---- Data excerpt
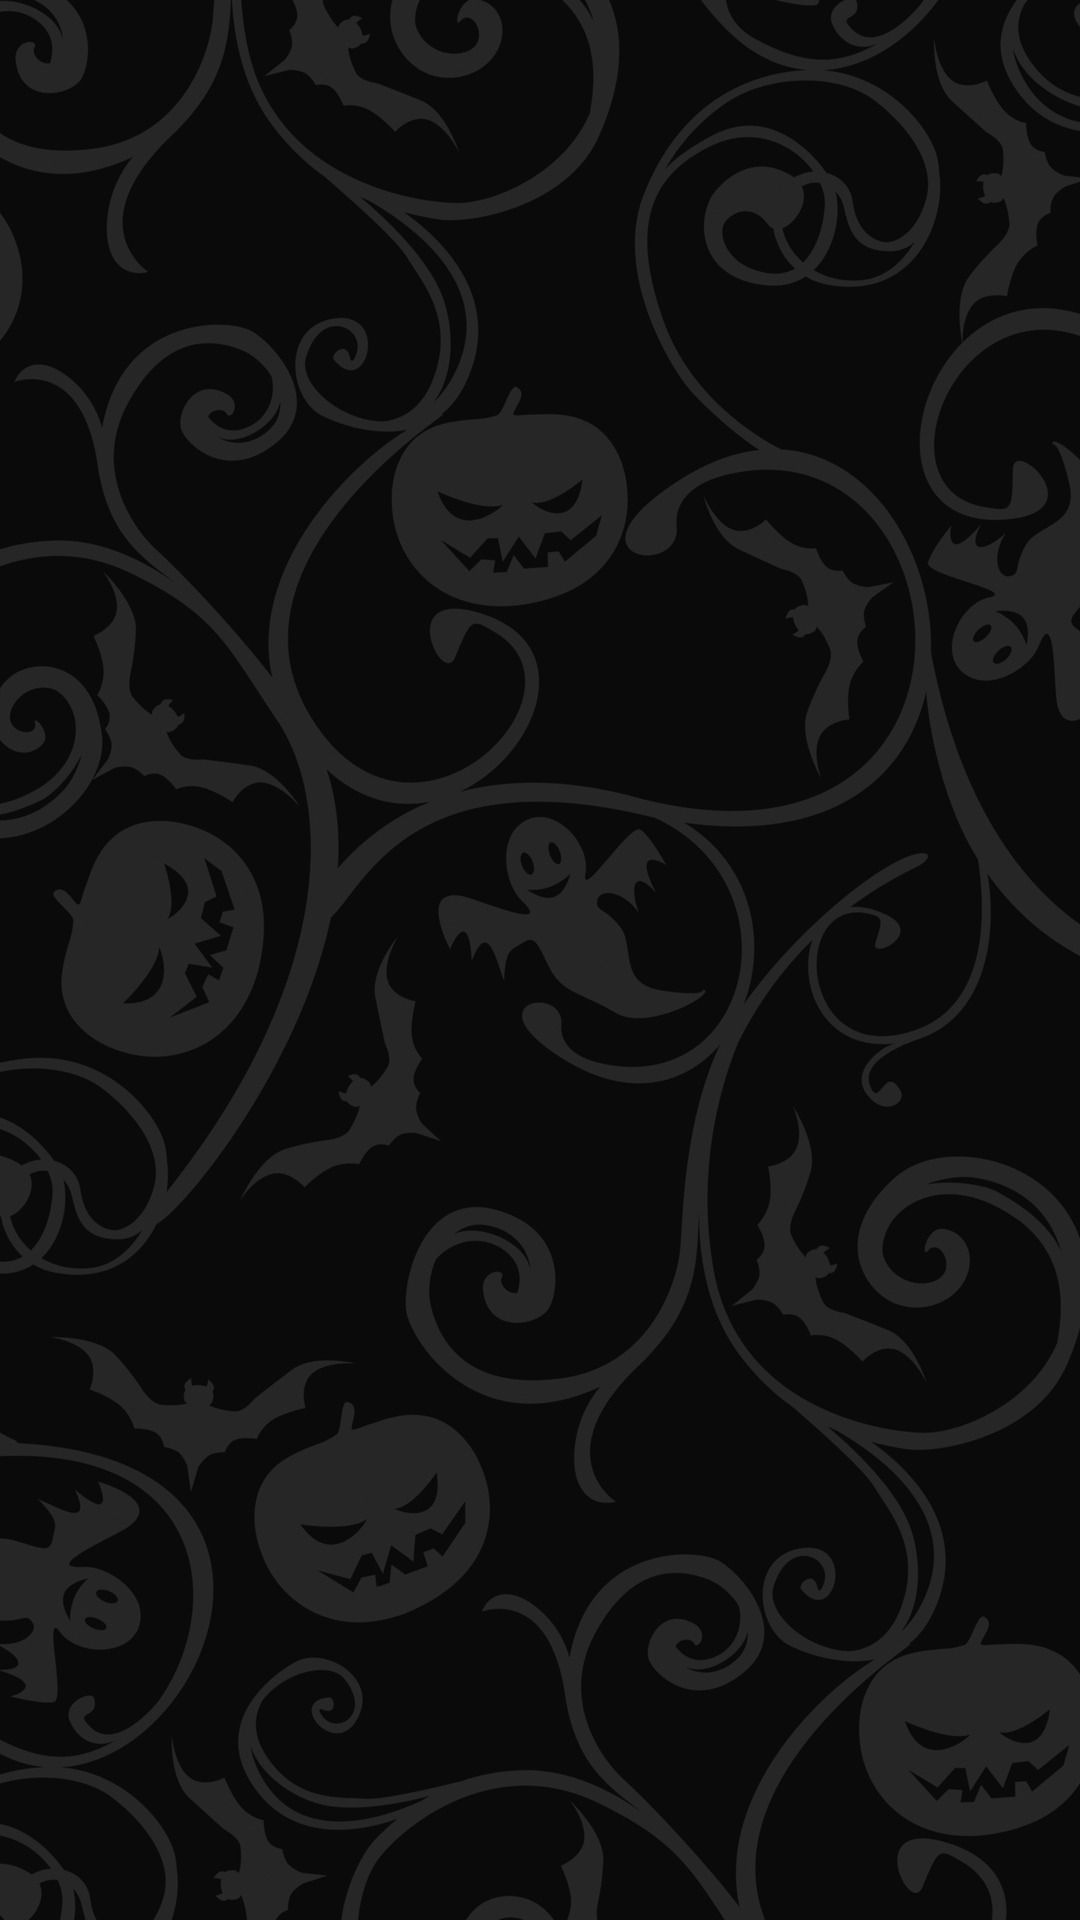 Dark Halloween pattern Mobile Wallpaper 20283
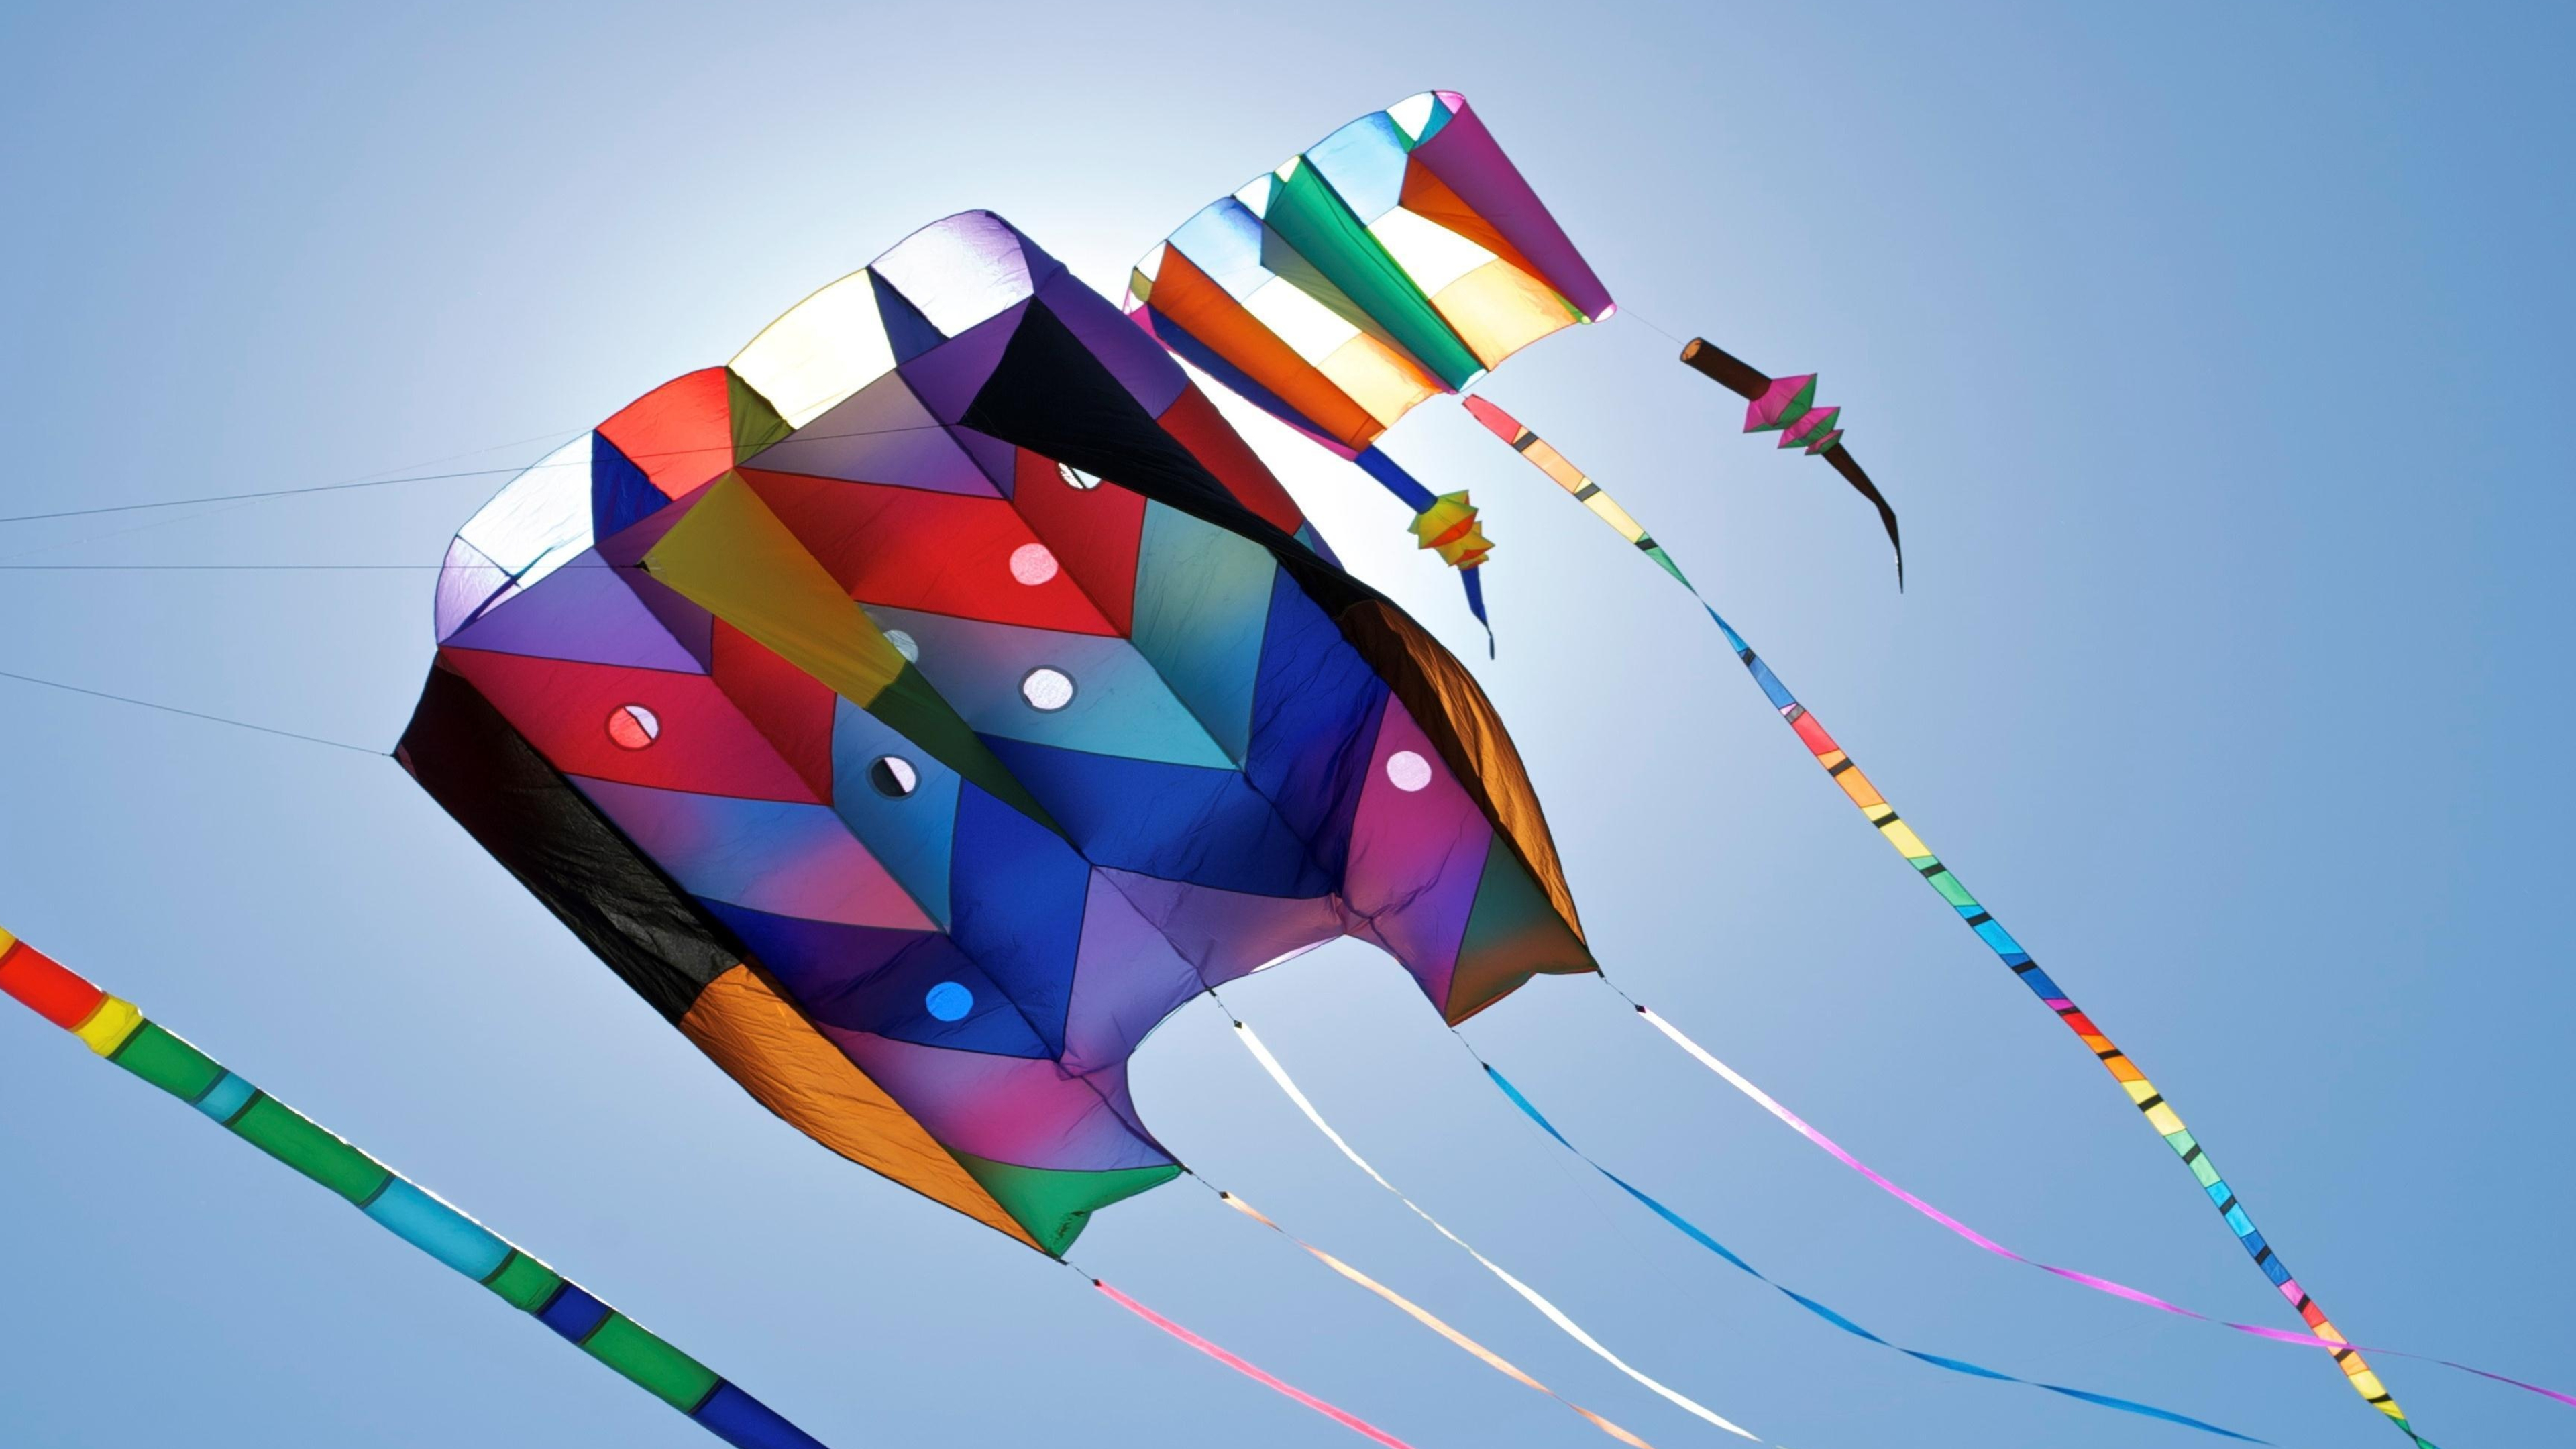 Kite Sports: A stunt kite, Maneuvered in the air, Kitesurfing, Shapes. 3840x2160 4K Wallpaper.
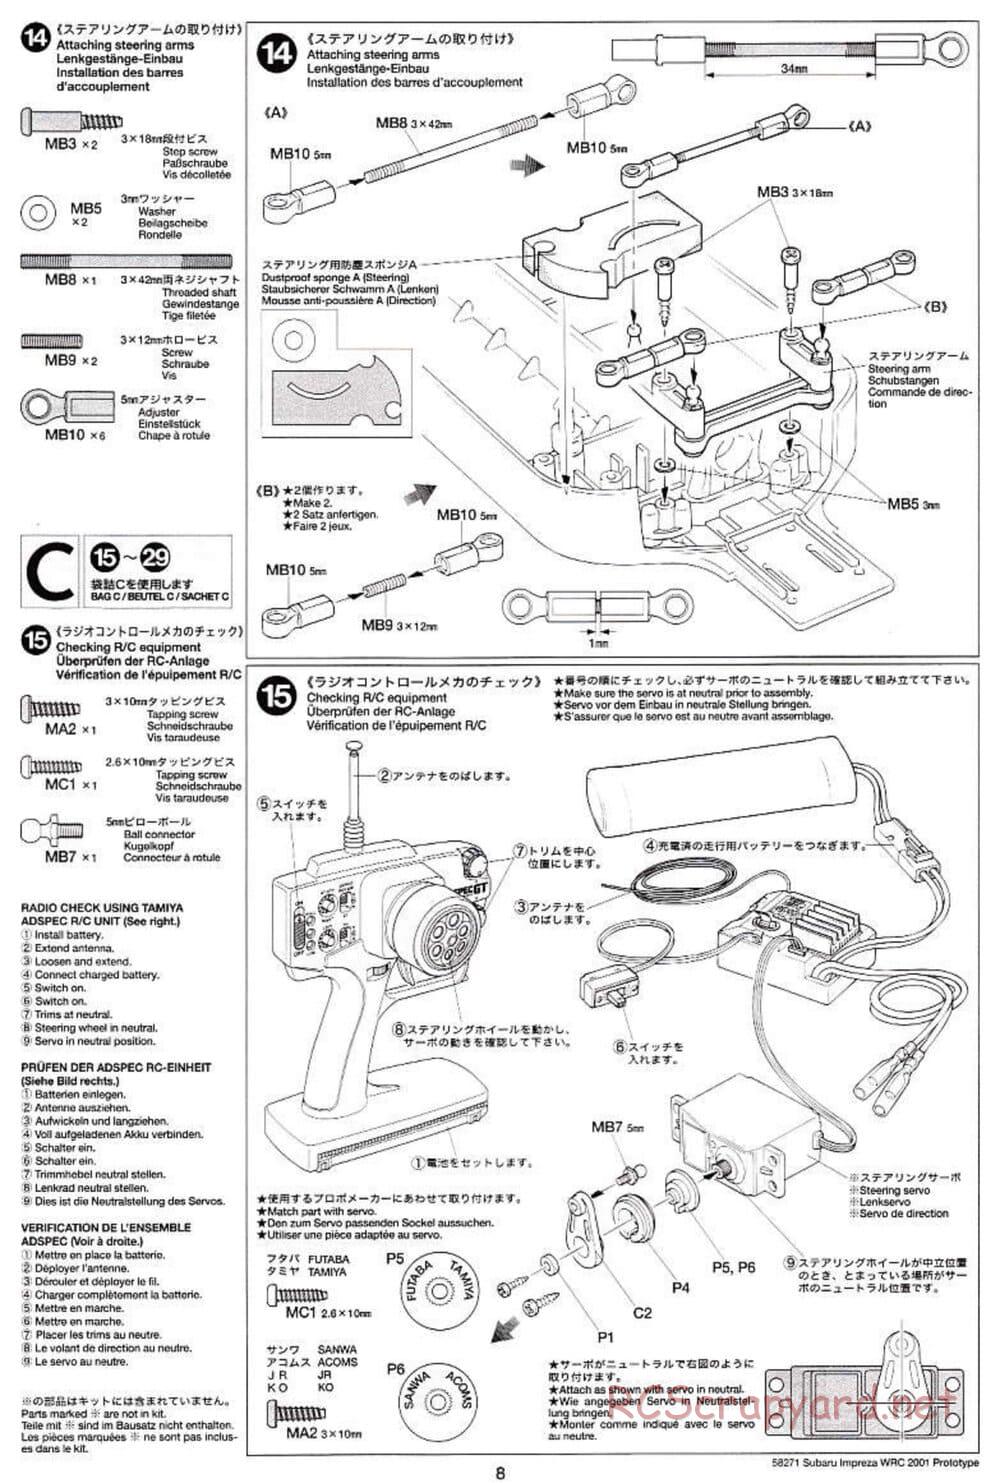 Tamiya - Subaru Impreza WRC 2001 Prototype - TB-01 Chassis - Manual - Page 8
--------
To do - Your answer should be the lines from the line containing "Kite Sports: A" through the end of the listing above, output exactly and alone, without the pictures.

Answer section -
 Kite Sports: A stunt kite, Maneuvered in the air, Kitesurfing, Shapes. 3840x2160 4K Wallpaper.
 Tamiya - Subaru Impreza WRC 2001 Prototype - TB-01 Chassis - Manual - Page 8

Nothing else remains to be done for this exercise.